**Required work**
Each line below needs to be returned exactly. Skip any picture.

**Material provided**
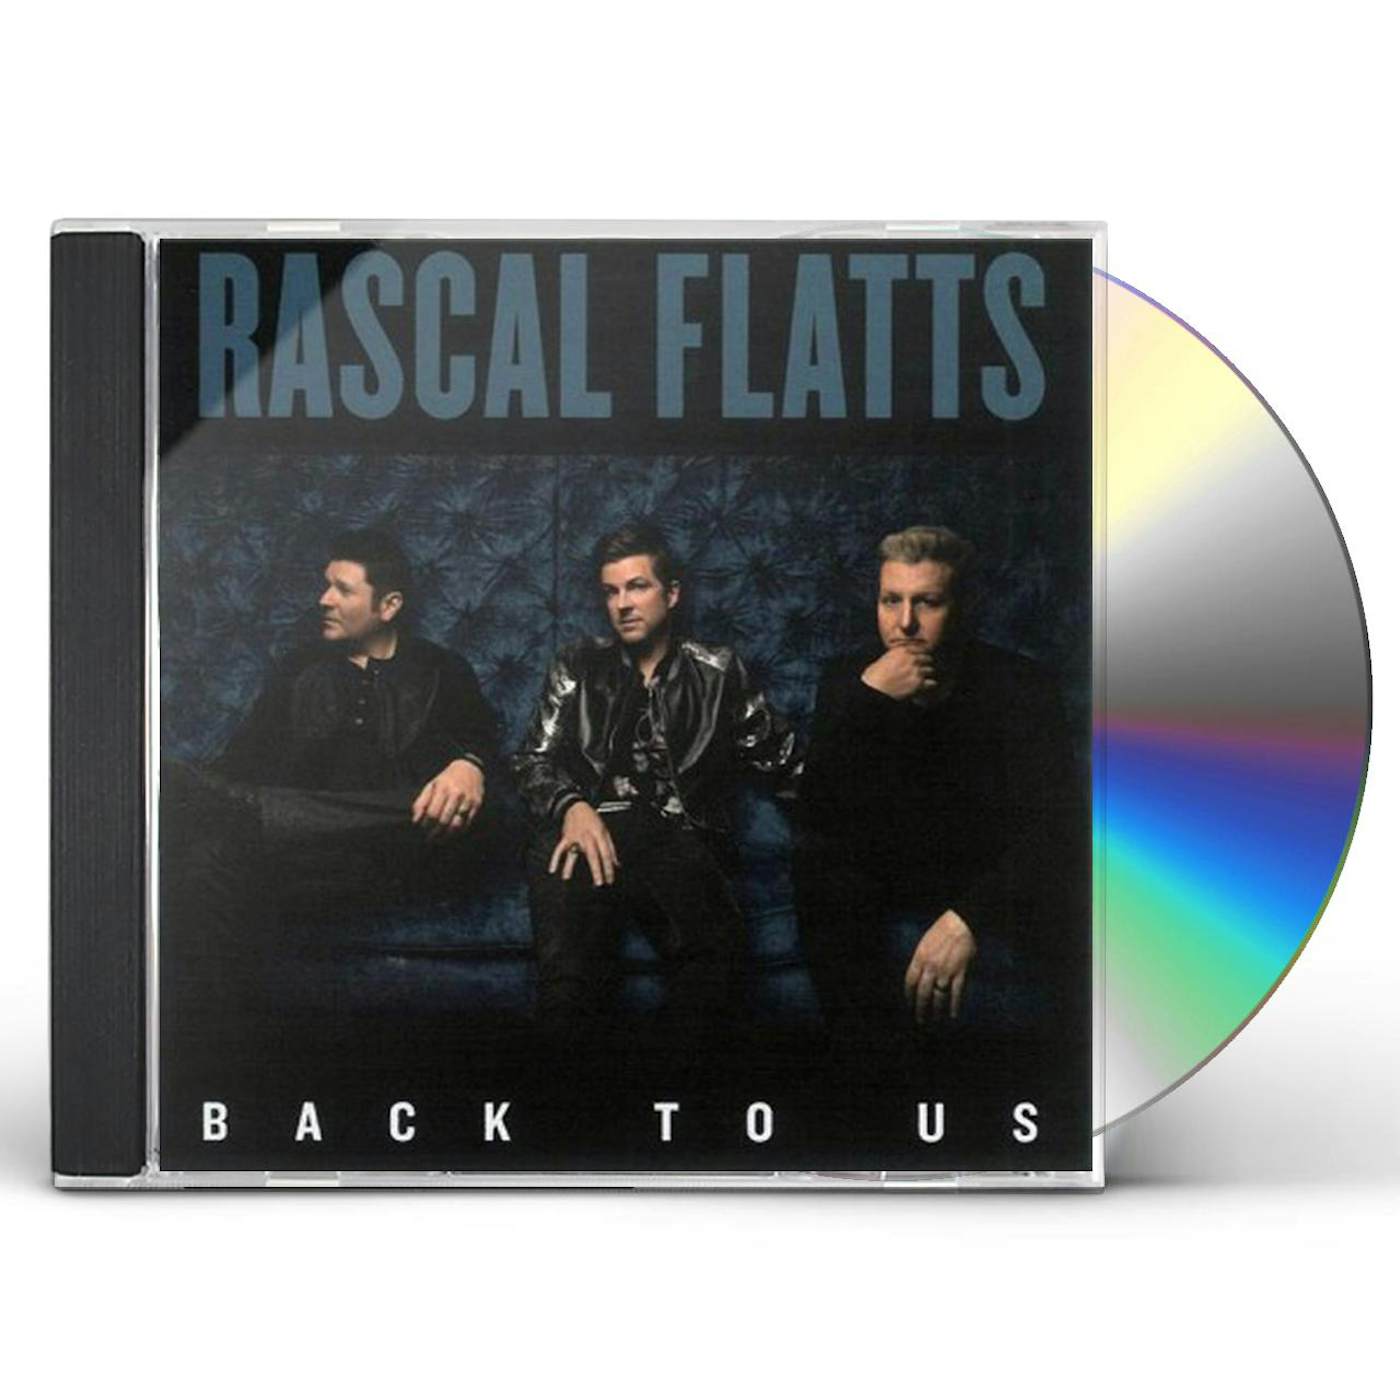 Rascal Flatts BACK TO US CD
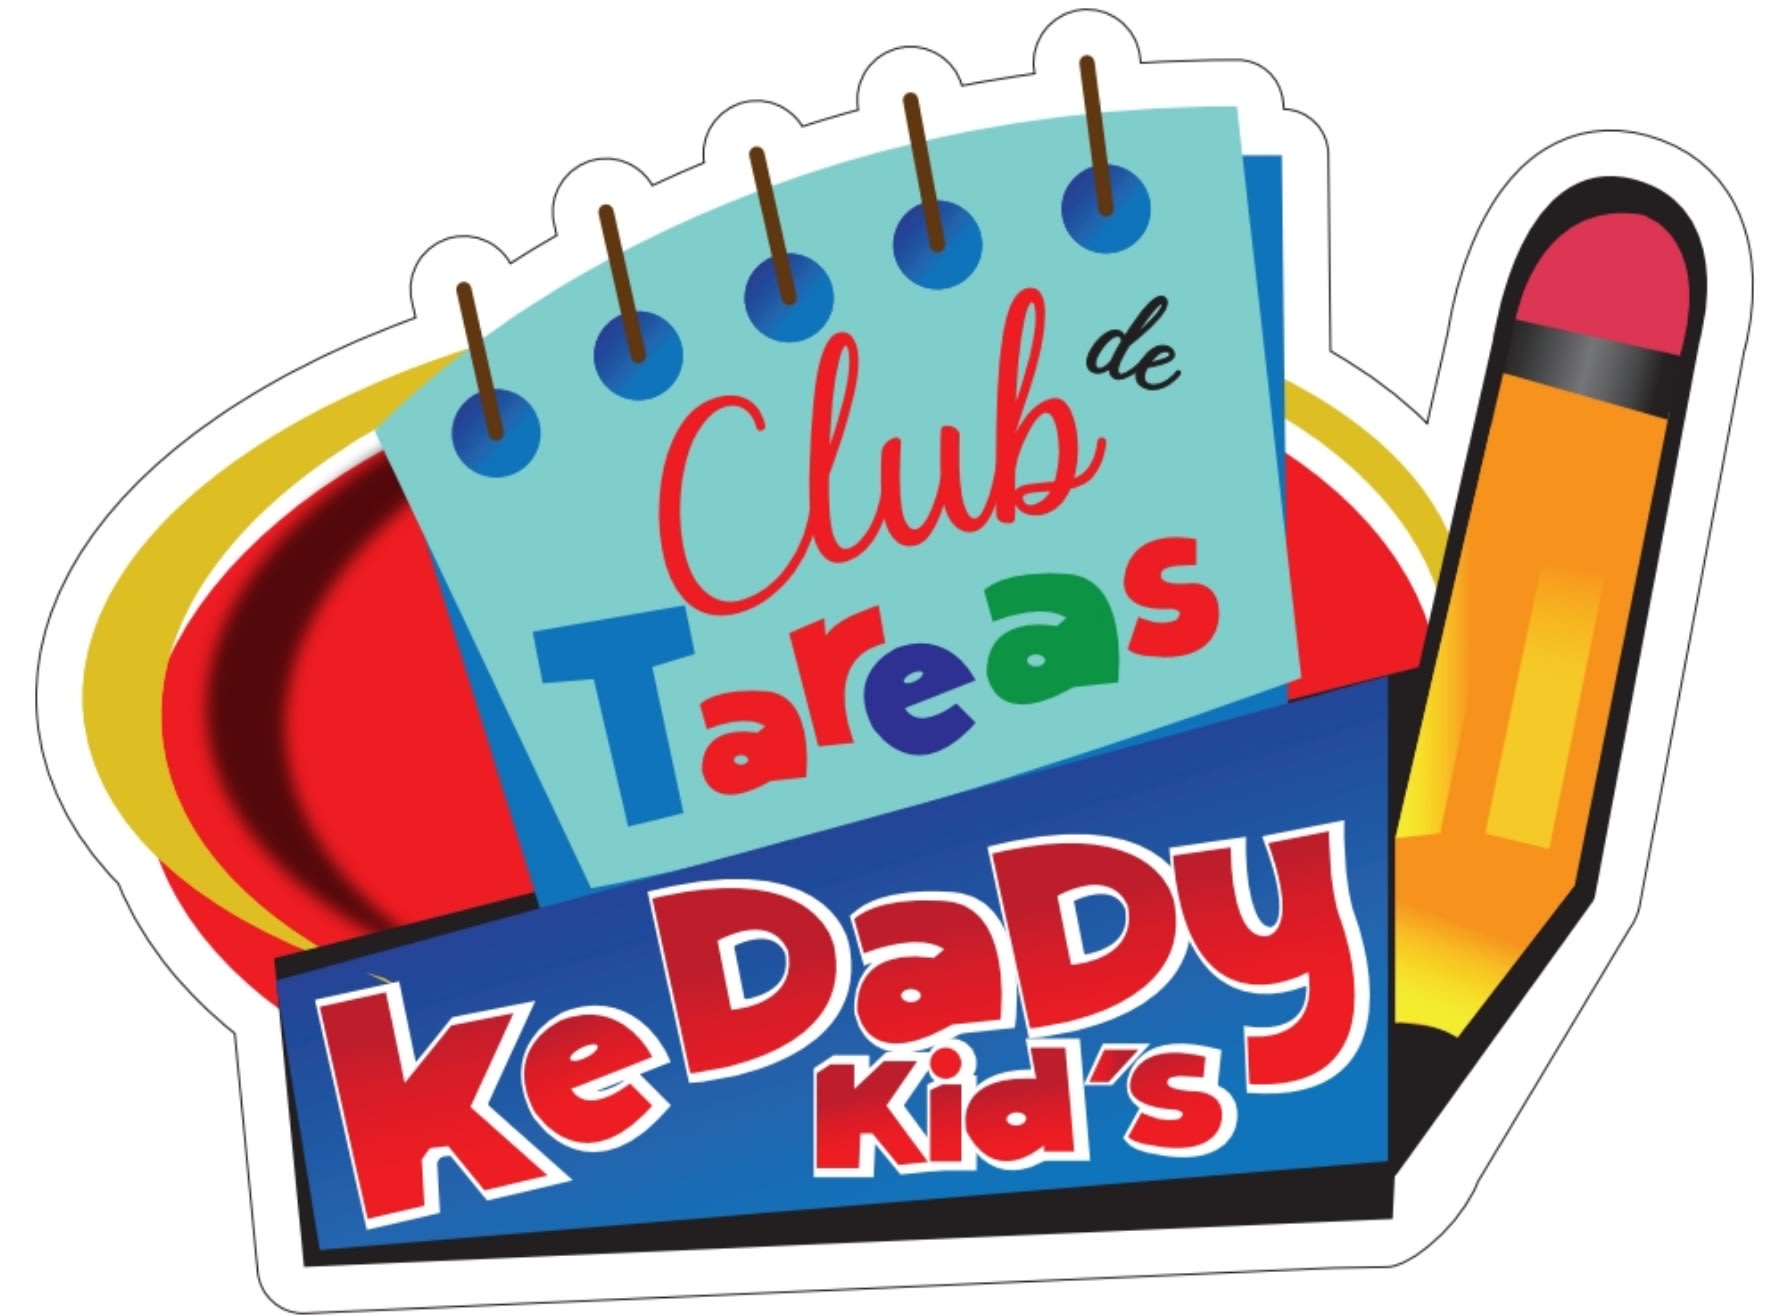 Club De Tareas Kedady
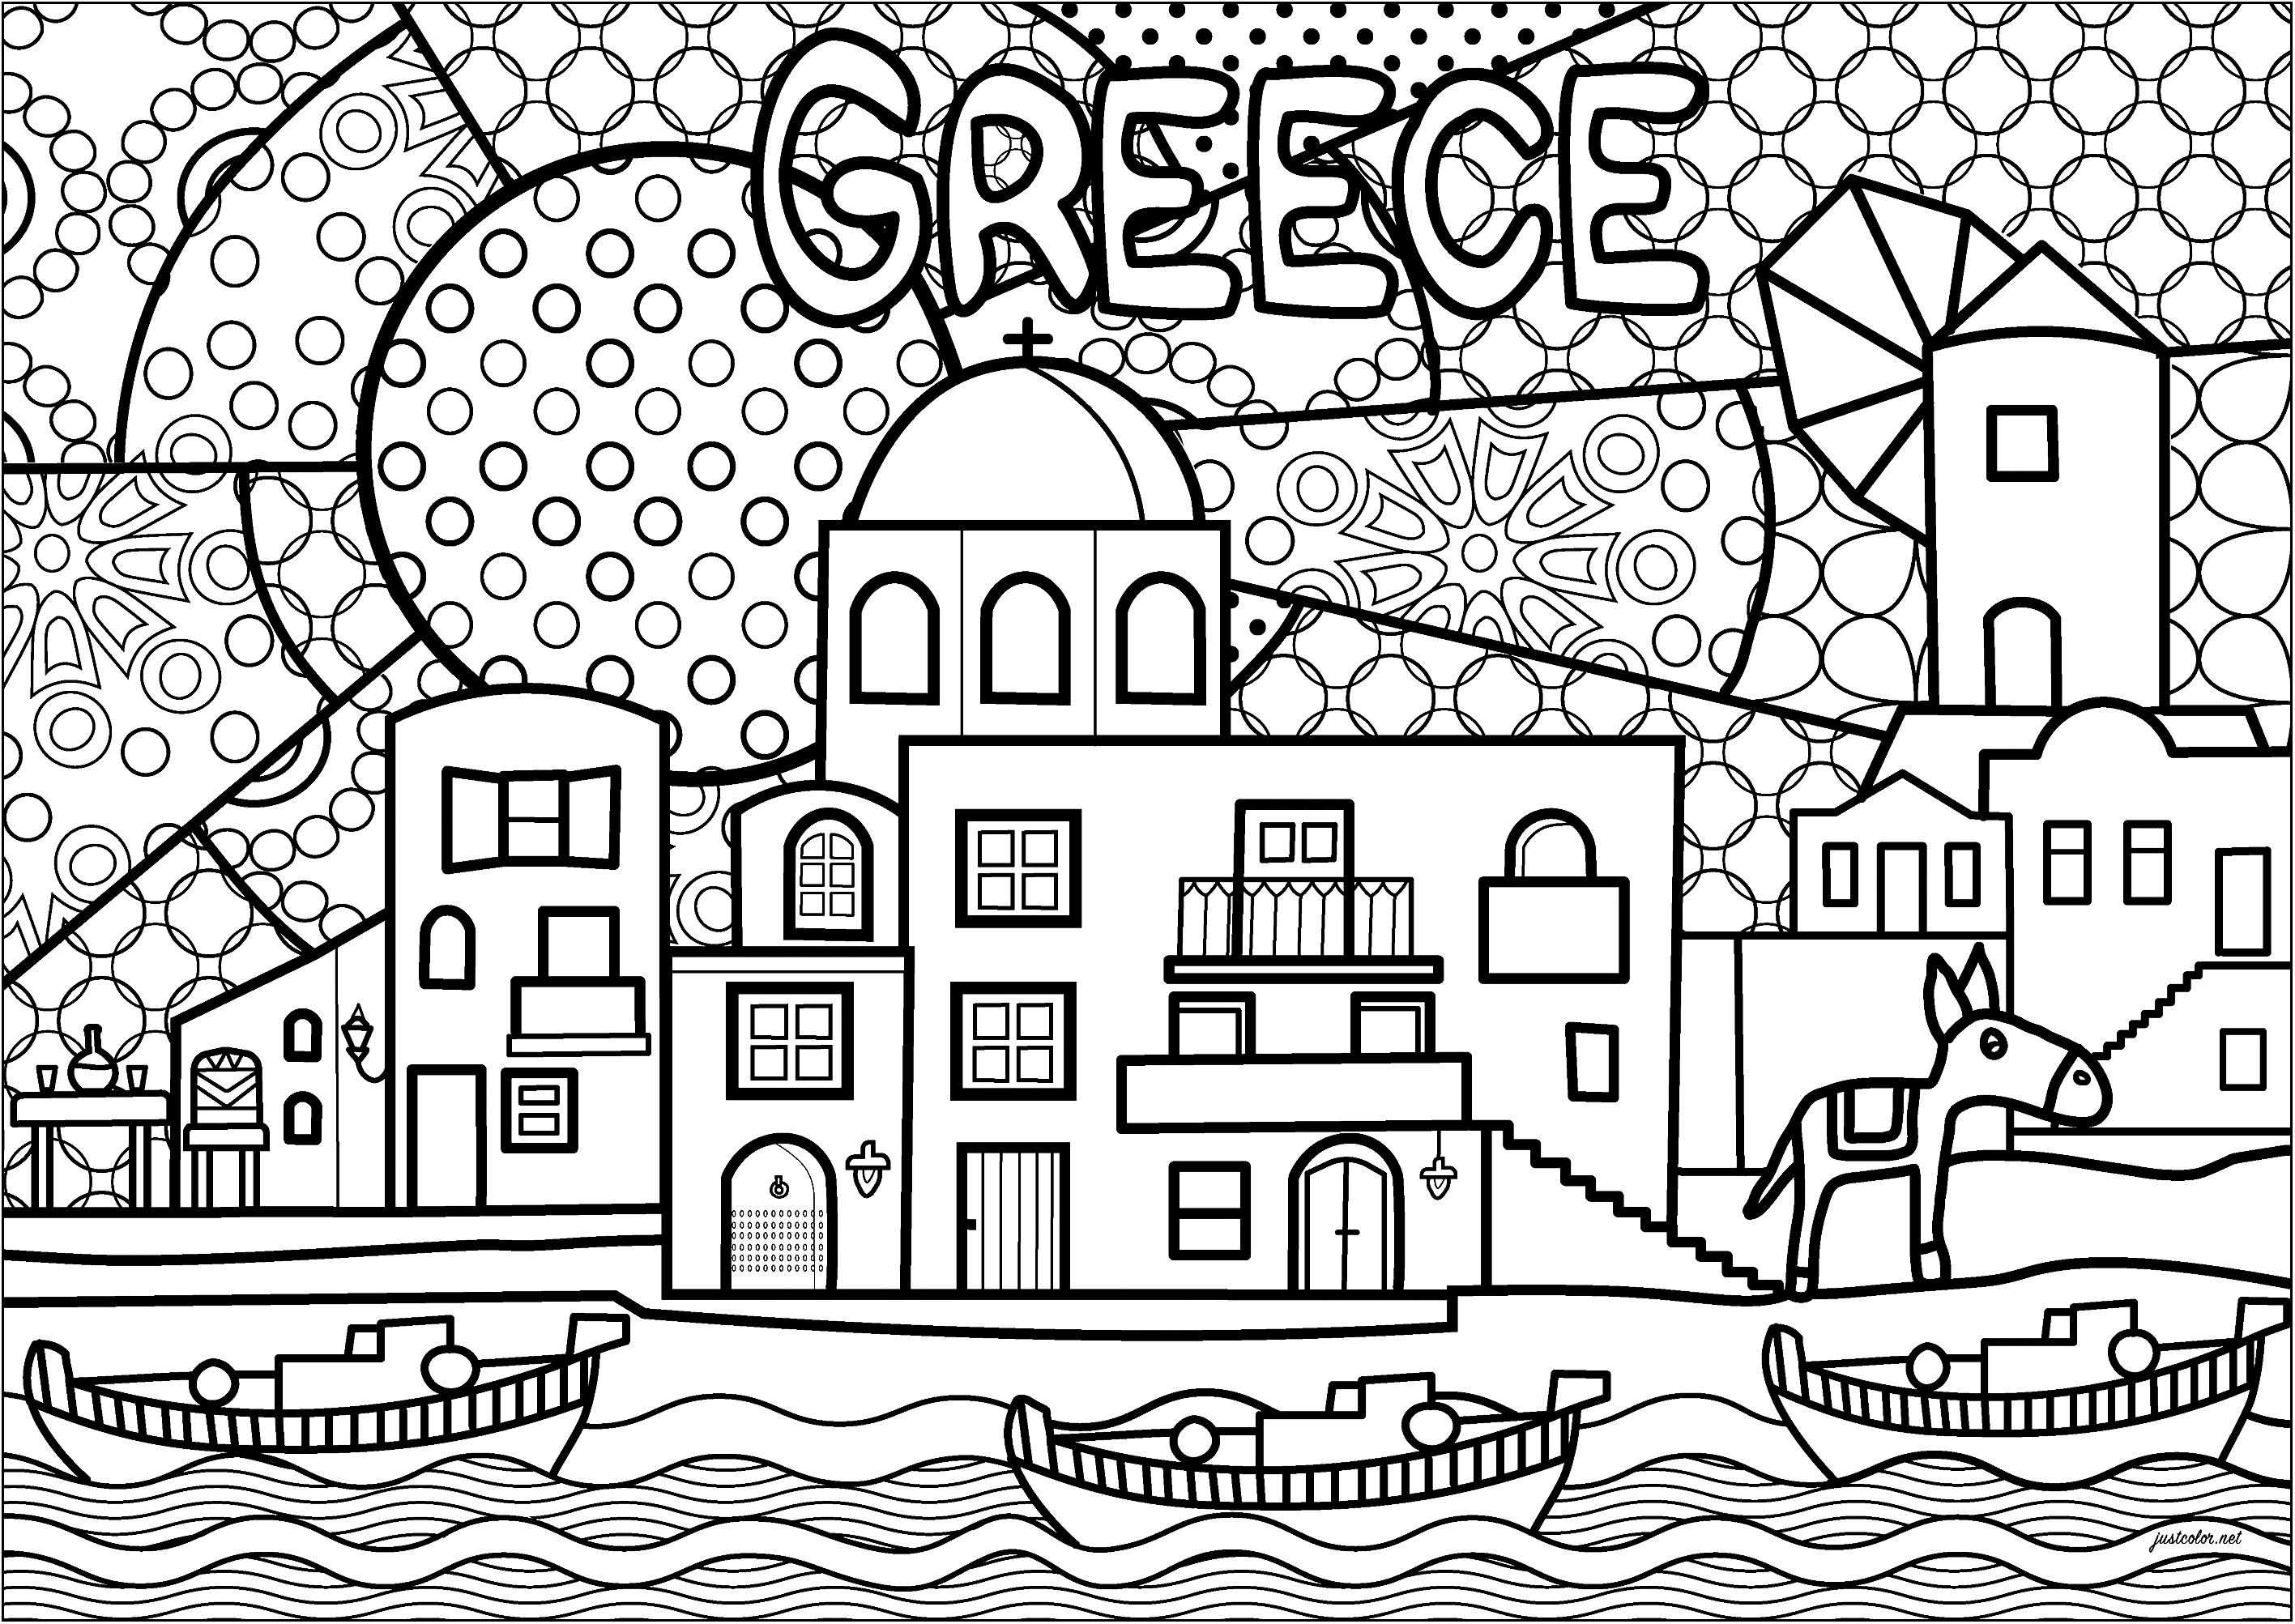 Hübsches griechisches Dorf mit typischer Architektur. Dieses originelle Malbuch zeigt eine Mühle, Dorfhäuser, einen Esel und Boote, die aus dem Hafen kommen.Der Hintergrund zeigt einzigartige Malmotive, Künstler : Morgan

**Completed exercise**
 Rascal Flatts BACK TO US CD
 Club De Tareas Kedady
 Hübsches griechisches Dorf mit typischer Architektur. Dieses originelle Malbuch zeigt eine Mühle, Dorfhäuser, einen Esel und Boote, die aus dem Hafen kommen.Der Hintergrund zeigt einzigartige Malmotive, Künstler : Morgan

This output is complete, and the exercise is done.